We can easily understand that longer buffer delay time reduces the number of timing errors but increases power dissipation, because the circuit tends to be speeded up. As the monitoring period becomes longer, the number of timing errors decreases, but the response to temporal environmental fluctuation degrades. Finer speed control decreases timing error, but it requires larger implementation overhead. As for the location, we intuitively think that the critical path is the best position. However, it is not true, because the probability of the path activation is significantly influential on timing error in addition to the path delay, which will be shown in the following. The number of canary FFs trades the rate of timing errors and area overhead.

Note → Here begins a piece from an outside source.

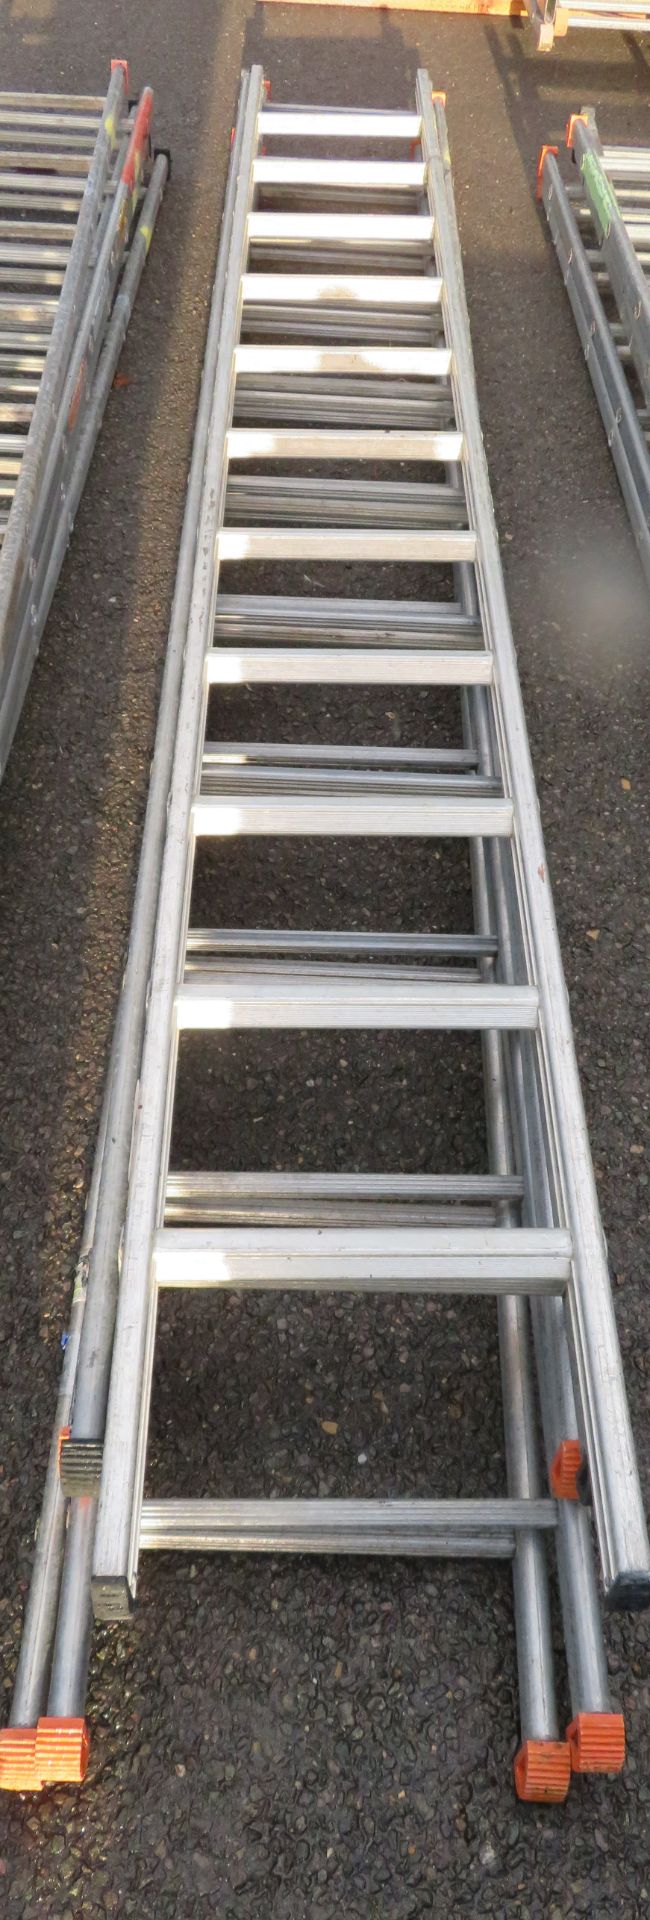 5x Aluminium 3m 10 Rung Scaffolding Ladder.

To quantitatively discuss the dependency of timing error on the design parameters, we briefly introduce a framework presented in [13, 14] (see [13, 14] for details). The framework exploits the path activation probabilities to estimate the timing error rate and power dissipation. The occurrence probabilities of warning signals and timing errors are derived from the path activation probabilities. The speed-level transition satisfies Markov property, because the next state (speed level l) is derived from only the current state and the occurrence probability of warnings. Therefore, the state transition is modeled using Markov chain (Fig. 2). The state (speed level) transition probabilities Pd(l), (1 - Pd(l)) and the state probability of being at each speed level are calculated from the occurrence probability of warnings. Based on the state probability and the occurrence probability of timing errors, the timing error rate and power dissipation are obtained.

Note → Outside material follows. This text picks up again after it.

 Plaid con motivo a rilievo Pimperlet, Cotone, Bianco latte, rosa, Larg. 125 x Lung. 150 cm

Let us show some examples of analyzed results. For experiments, we used a 32-bit ripple carry adder (RCA) and a 32bit Kogge-Stone adder (KSA) in subthreshold operation in a 90nm CMOS process. The outputs of RCA and KSA are denoted by S[0] – S[32], where S[32] is the most significant bit. The adders operate at  $V_{DD} = 300$  mV and the speed control is implemented by body-biasing. Speed level l = 0 indicates zero body-bias, and both forward and reverse biasing are considered. The performance of a subthreshold circuit is sensitive to temperature, and we here focus on the adaptive speed control for temperature (0 °C to 80 °C).

Figure 3 shows an example of the relation between average power dissipation and mean time between failures (MTBF). Here, a canary FF is inserted to S[32], S[16] or S[10] and its buffer delay is changed. The Y axis on the right side indicates the actual time which is computed from MTBF assuming 10MHz operation. Figure 3 indicates that inserted location S[i] and buffer delay affect MTBF significantly, which means



Fig. 3. Average power dissipation versus mean time between failures (MTBF) with various buffer delays in RCA. Each dot corresponds to different configuration of buffer delay. Monitoring period is 10<sup>8</sup> cycles.

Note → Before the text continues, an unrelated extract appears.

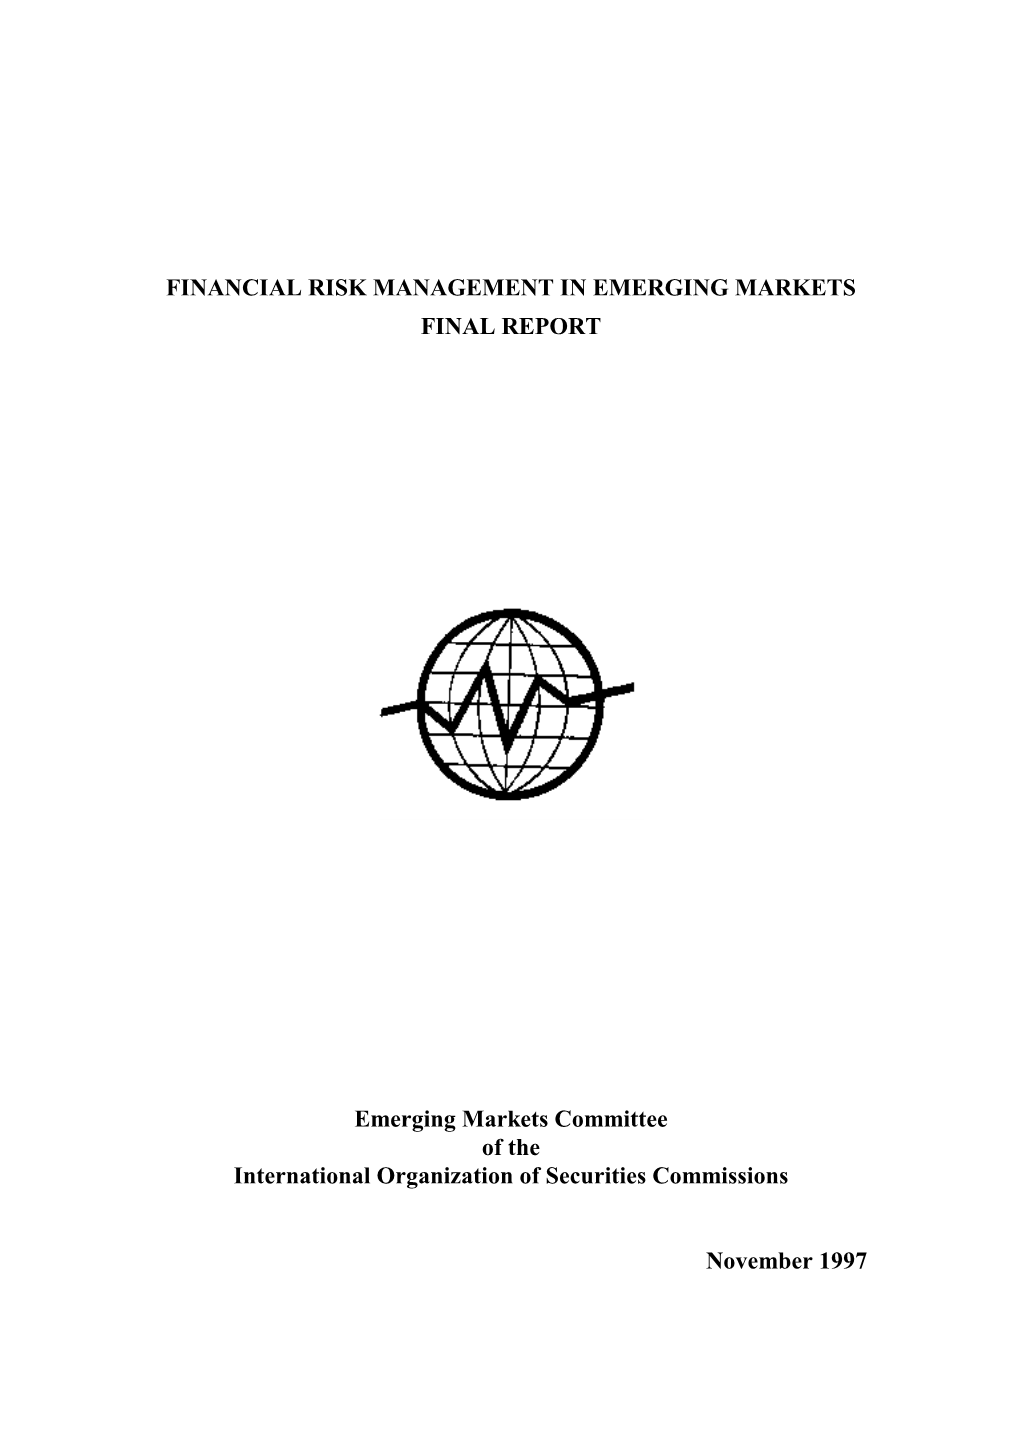 Financial Risk Management in Emerging Markets Final Report

the optimal design parameters vary depending on the required error rate.

Longer MTBF means that the timing error rate is lower. Figure 3 shows that larger power dissipation is required if the timing error rate is kept lower, that is MTBF is kept larger, whereas smaller power dissipation is demanded if higher timing error rate, i.e. smaller MTBF is acceptable. This relation indicates that there is a trade-off between the timing error rate and power dissipation.

Figure 4 shows trade-off relations between average power dissipation and MTBF with the following two cases – 1) the buffer delay and the inserted position are freely selected such that the power dissipation is minimized, 2) inserted position is fixed to S[32] which is the output bit of the critical path. We can see that the power dissipation can be reduced by optimally selecting the inserted position as well as the buffer delay. Assuming that a constraint of MTBF >  $10^{14}$  is given, inserting a canary FF at S[13] and adjusting the buffer delay reduce the power dissipation by 10 % in comparison to inserting canary FF at S[32] on the critical path fixedly. In this example, we can see that the inserted location affects MTBF exponentially.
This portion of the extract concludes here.